Prince Philip's knighthood is the gong heard round the world
Published 29 Jan 2015   Follow @NickBryantNY

This will go down as the gong heard round the world. On a national day that already has a distinctly 18th century feel – it celebrates the moment of British colonisation, after all — Tony Abbott appeared to doff his cap to the Mother Country again in making Prince Philip an Australian knight.

The re-introduction of a heraldic honours system that many Australians viewed as a museum piece was met last year with incredulity. His choice of the Duke of Edinburgh, ahead of thousands of deserving Australian women and men, has unleashed even more mockery. It was a 'captain’s call', said Mr Abbott, and arguably the worst since Greg Chappell asked his brother Trevor to bowl underarm to New Zealand's Brian McKechnie. That damaged Australia's international sporting standing. The surprise knighthood could have the same effect on the country's international reputation, especially in the region.

In any objective cost-benefit analysis, Abbott surely loses on all fronts. As a politician, it brings into question his judgment and could, in coup-addicted Canberra, lead eventually to his ouster. As a constitutional conservative, he runs the risk of turning small 'r' republicans into more troublesome rebels and imperiling the very institution he seeks to protect. As prime minister of a country supposedly seeking better ties with its neighbours, it makes him look more Anglo than Asian in his orientation. As historian James Curran observed in these pages earlier in the week, this move brings to mind what Paul Keating said about the 'ghost of empire' that 'remains debilitating...to our destiny as a nation in Asia and the Pacific.'

It is also worth revisiting what became known as the 'Anglosphere speech' that Tony Abbott delivered in Oxford in December 2012, before becoming prime minister. [fold]

The setting was his old college, which, appropriately enough, is called Queen's. 'China, Japan, India and Indonesia are countries that are profoundly important to Australia', he said. 'Size, proximity and economic and military strength matter. Of course they do; but so do the bonds of history, of shared values, and of millions of familiar attachments.' This seemed to imply that Australia's relationship with its Asian neighbours would primarily be transactional, whereas the relationship with Britain and America would be brotherly, emotional and thus always more meaningful.

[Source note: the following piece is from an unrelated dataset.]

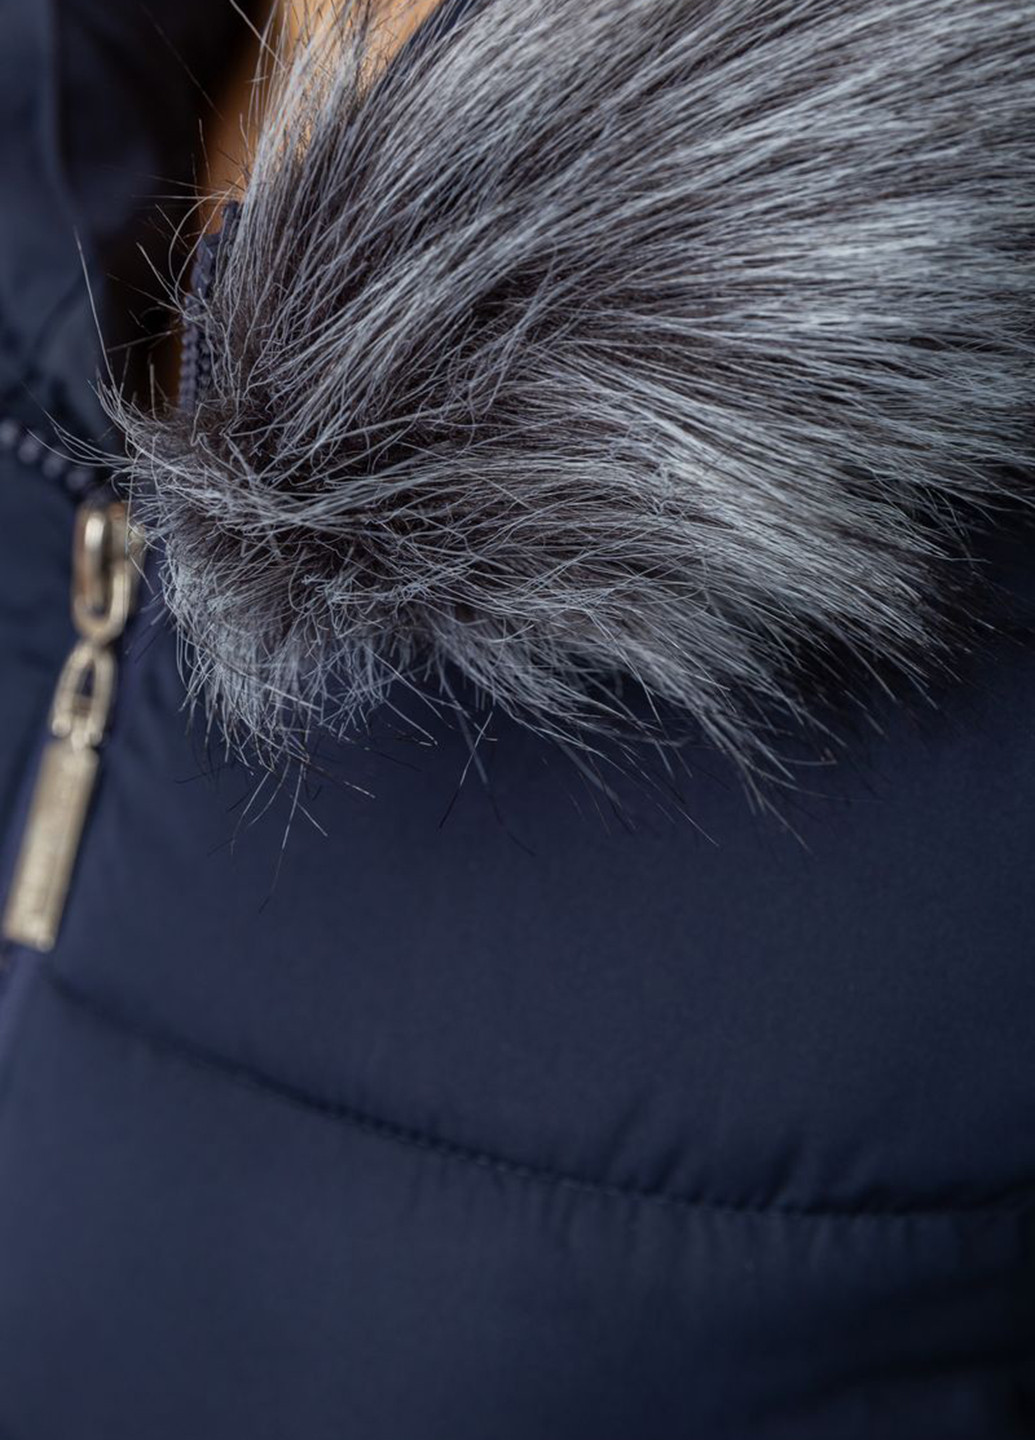 Темно-синяя зимняя куртка Ager

What gave the speech its controversial edge, however, was the insinuation that Anglo culture was superior. Abbott said his 'insatiable curiosity' came from studying at Oxford, and was 'the hallmark of Western civilization (especially in its English-speaking versions) and provides our comparative advantage among the cultures of the world.' Does not the knighthood for Philip send a similar message from the Australian prime minister to the rest of Asia? That the epitome of civilization is to be found in Anglo history and institutions?

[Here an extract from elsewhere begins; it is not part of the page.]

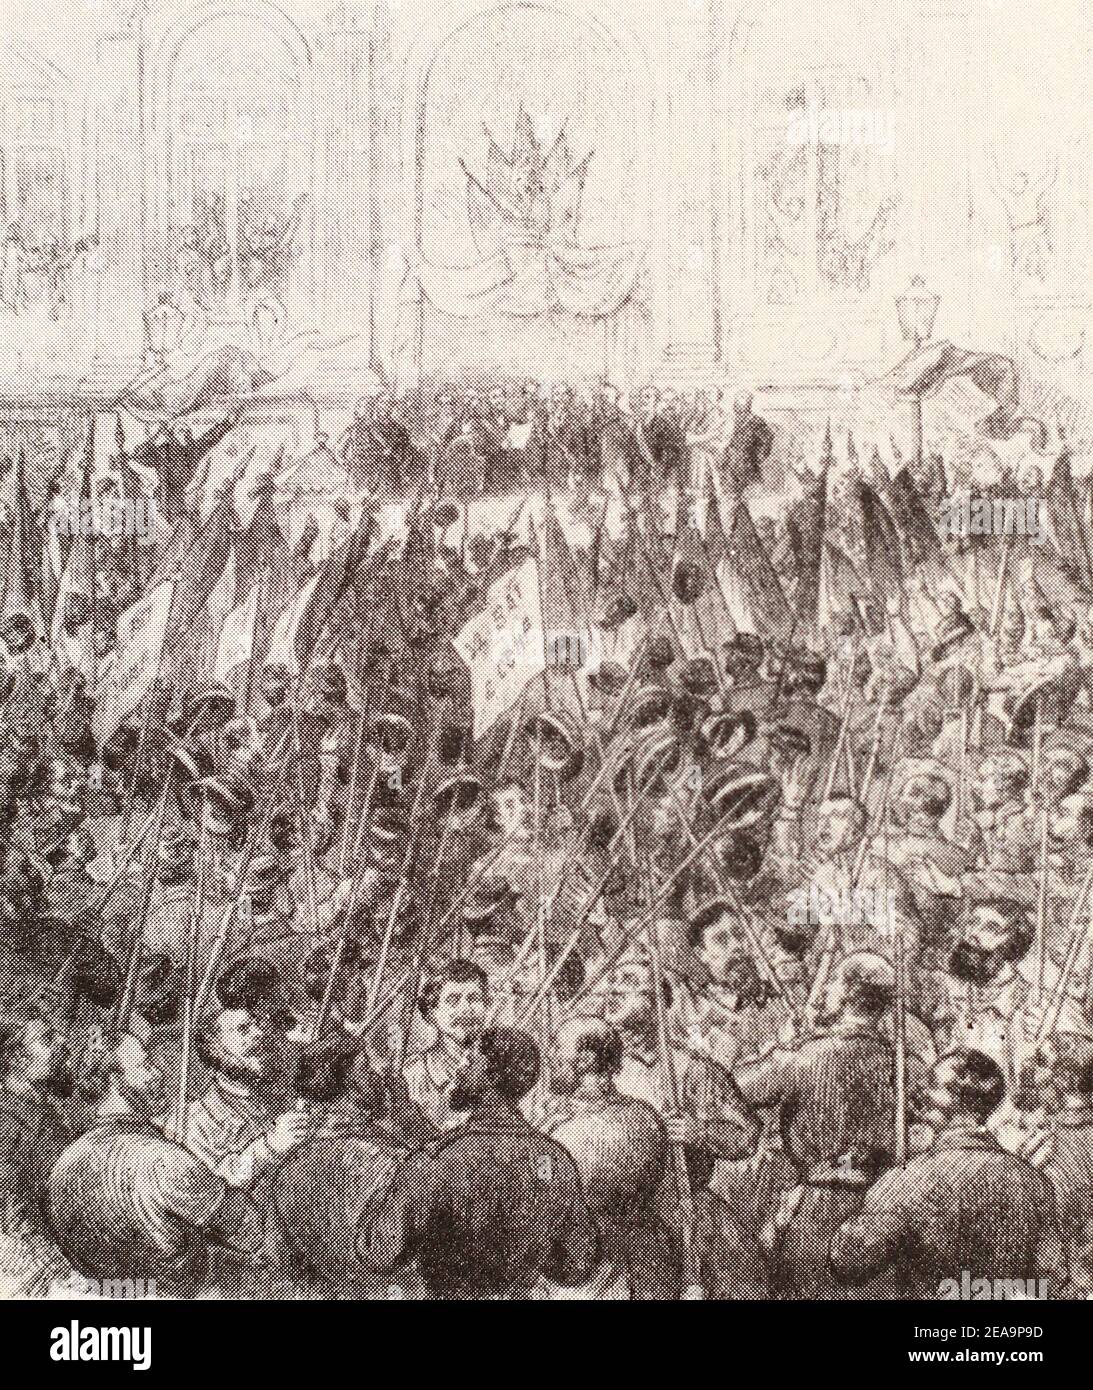 Proklamation der Pariser Kommune auf dem Platz vor dem Rathaus. Gravur von 1871. Stockfoto

Will this controversy reverberate beyond the Australian Twittersphere and talk-back stations? Is it just a storm in a Royal Doulton tea cup? My sense is that the knighthood does create a national image problem, because it heightens the sense of confusion about the country's global positioning. It revives the seemingly unresolved question: 'Advance Australia Where?' It projects a sepia-tinted Australia to the rest of the world rather than the thrusting economic, commercial and cultural powerhouse that modern Australia has become.

It would also be a mistake to think that this kind of symbolism does not matter. Just witness the damage to America wrought by Barack Obama's failure to attend the solidary march in Paris in the aftermath of the Charlie Hebdo massacre. Or the sneering at US Secretary of State John Kerry, who attempted to mend that particular diplomatic fence by getting James Taylor to sing 'You’ve got a friend'. The international press, Fleet Street especially, looked on the knighthood as a gift horse, if only because it could re-run Prince Phillip's most famous gaffes. But it also makes the Australian prime minister a cartoonish figure of fun – an '...And finally' story.

Australian diplomacy will take a hit, and so, too, the already battered reputation of Australian democracy.